Records for the exercise START
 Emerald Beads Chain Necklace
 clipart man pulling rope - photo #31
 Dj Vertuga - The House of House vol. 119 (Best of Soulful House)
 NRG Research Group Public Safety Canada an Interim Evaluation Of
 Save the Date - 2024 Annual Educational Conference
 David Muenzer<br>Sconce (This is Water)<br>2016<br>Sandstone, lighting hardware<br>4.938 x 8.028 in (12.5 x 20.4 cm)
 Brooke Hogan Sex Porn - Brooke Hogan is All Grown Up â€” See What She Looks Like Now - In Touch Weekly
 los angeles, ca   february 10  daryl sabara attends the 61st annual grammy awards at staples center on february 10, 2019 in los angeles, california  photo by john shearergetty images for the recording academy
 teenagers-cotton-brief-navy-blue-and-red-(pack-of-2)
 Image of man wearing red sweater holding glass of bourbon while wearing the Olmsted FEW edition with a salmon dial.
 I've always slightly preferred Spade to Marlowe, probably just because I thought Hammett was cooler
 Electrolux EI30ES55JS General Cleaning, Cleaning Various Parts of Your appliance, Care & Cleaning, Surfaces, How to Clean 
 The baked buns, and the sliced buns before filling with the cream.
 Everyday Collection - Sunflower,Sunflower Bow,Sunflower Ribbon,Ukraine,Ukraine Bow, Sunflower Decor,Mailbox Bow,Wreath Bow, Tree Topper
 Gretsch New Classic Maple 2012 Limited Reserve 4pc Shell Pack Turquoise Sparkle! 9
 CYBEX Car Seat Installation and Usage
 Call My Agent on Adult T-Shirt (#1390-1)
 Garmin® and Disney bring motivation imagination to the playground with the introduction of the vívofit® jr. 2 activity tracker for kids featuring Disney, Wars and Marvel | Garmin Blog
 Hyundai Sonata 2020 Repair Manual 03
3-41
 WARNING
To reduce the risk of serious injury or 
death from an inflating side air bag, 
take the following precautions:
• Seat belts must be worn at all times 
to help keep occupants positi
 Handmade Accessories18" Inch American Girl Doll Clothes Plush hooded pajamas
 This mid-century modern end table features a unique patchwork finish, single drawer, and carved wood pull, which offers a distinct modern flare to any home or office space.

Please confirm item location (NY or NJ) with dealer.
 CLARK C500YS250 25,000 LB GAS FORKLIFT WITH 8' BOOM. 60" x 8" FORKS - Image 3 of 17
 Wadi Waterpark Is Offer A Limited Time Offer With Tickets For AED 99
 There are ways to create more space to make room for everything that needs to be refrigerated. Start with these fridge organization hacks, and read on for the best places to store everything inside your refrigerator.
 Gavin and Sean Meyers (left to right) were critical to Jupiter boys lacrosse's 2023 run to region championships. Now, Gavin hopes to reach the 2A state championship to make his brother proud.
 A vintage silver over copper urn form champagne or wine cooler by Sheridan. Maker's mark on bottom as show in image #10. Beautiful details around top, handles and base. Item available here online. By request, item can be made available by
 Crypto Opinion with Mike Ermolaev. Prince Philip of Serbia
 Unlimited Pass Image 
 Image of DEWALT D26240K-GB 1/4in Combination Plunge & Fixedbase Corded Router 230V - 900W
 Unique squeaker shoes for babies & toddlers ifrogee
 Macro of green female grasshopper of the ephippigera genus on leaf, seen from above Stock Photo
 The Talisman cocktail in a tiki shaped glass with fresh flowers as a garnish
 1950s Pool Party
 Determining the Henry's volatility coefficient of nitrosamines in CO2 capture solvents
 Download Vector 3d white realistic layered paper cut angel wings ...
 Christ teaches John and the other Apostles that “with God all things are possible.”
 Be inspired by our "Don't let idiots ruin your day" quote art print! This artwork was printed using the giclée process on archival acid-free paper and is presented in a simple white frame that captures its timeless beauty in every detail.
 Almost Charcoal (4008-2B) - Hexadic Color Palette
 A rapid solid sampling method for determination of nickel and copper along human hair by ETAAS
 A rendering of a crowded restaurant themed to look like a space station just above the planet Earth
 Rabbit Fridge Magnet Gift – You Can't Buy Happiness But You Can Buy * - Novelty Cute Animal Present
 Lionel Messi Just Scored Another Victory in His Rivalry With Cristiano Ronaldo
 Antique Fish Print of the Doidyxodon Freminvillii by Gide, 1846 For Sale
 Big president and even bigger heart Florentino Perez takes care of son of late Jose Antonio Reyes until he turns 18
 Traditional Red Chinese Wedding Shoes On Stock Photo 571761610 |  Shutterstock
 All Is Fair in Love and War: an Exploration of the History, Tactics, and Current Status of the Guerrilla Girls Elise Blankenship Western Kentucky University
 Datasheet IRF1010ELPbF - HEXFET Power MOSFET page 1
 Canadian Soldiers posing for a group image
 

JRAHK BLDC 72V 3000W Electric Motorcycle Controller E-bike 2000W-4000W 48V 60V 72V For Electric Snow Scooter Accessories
Records for the exercise END
## Problem to work on:
Filter these records, keeping every line where the word "glass" occurs.

## Task response:
 Image of man wearing red sweater holding glass of bourbon while wearing the Olmsted FEW edition with a salmon dial.
 The Talisman cocktail in a tiki shaped glass with fresh flowers as a garnish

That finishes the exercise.